Anne Lyden : Luke Fowler from arts-news on Vimeo.


Depositions 2014 was a film by Fowler as part of the BBC Arts - Artists' Moving Image at the BBC looking at what the results may be when artists specialising in the moving image are invited to explore, investigate and create from the vast BBC film archive? It was part of a unique residency programme based at BBC Scotland, offering six artists of which Fowler was one unprecedented access to the facilities and archives of the BBC.  Following a process of research, development and production at BBC Scotland it resulted in six new moving image art works, all of which use and explore BBC archive. The works showcased a diverse range of approaches to television and the archive, revealing along the way some favourite and some forgotten moments and voices from times past and present.

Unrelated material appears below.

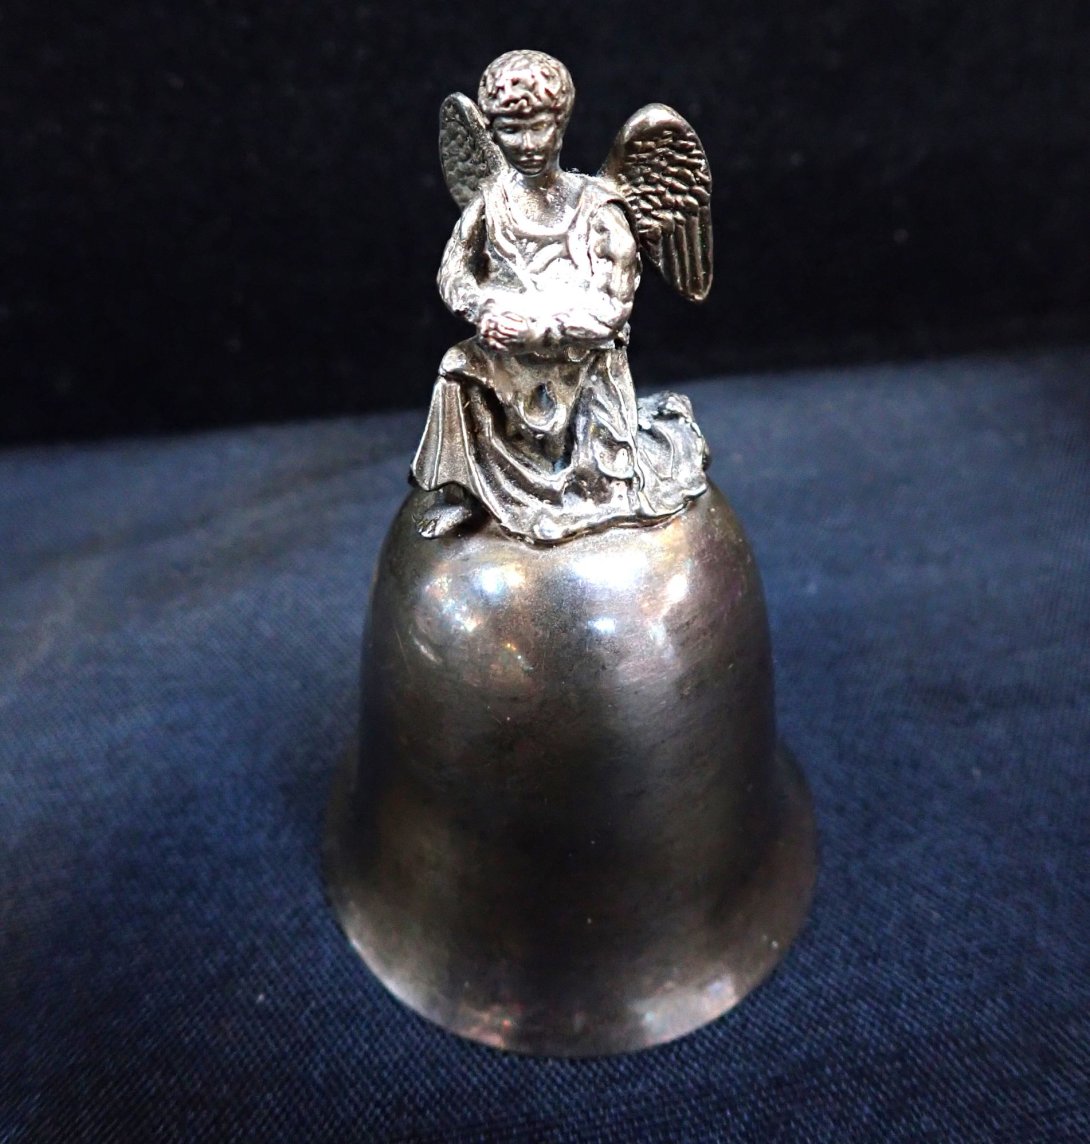 SILVER PLATED BELL "SHEFFIELD 1975" WITH AN ANGEL SEATED ON TOP - Image 2 of 3

Fowlers take was to use all of the archive footage to create an alternative and more real version of the truth of the Scottish highlands nature, people and politics of those living unconventionally as travellers from the BBC archives. This films universe uses actual archive footage so at the same time was the real subverted and made more real. It shares few similarities with London (1994) by Patrick Keiller and is equally interesting in the fact that it creates a parallel place, space and time that allows comments on the reality. The narrator this time is a mix of voice over and sound from the BBC archives.

The film attempts to restore some dignity to the images of the communities of the Scottish highlands readdressing patronising and biased BBC documentaries and news features from the 70’s and 80’s. The film repurposes footage from the archives of the BBC and sound from the School of Scottish Studies to create a film about differences and dichotomies. It pits science against superstition, near against far, and the community against the individual.

David Toop commented on Fowler and in particular Depositions. "Luke Fowler’s films dwell on potentiality: what might be, what might have been, what might still be if the world were to turn in a different direction? But film time runs in many directions, as do arguments. Film made only recently can be easily confused with the archival vintage of washed-out or saturated tones and blurred edges. Only the disjunction between sounds that live close within the ear and rich voices from a fading past distinguish archive from present. Gradually the pieces converge: our nostalgia for ancient folkways, traditional song and the romance of freedom, all undercut by scientific rationalism and the pressures of normativity bringing law to bear on lives resistant to conformity. What is an archive if not a collection of letters to ourselves?"




WHAT I WILL TAKE FROM LUKE FOWLERS WORK
  • Weaving and reinterpretation of archive footage to create a new meaning.
  • The passion towards the causes he believes in.
  • The mix or archive, shot and his own footage to create a message.
  • The hard cutting style often makes for a hard watch but does expose the techniques he is applying warts an all for a sort of honesty.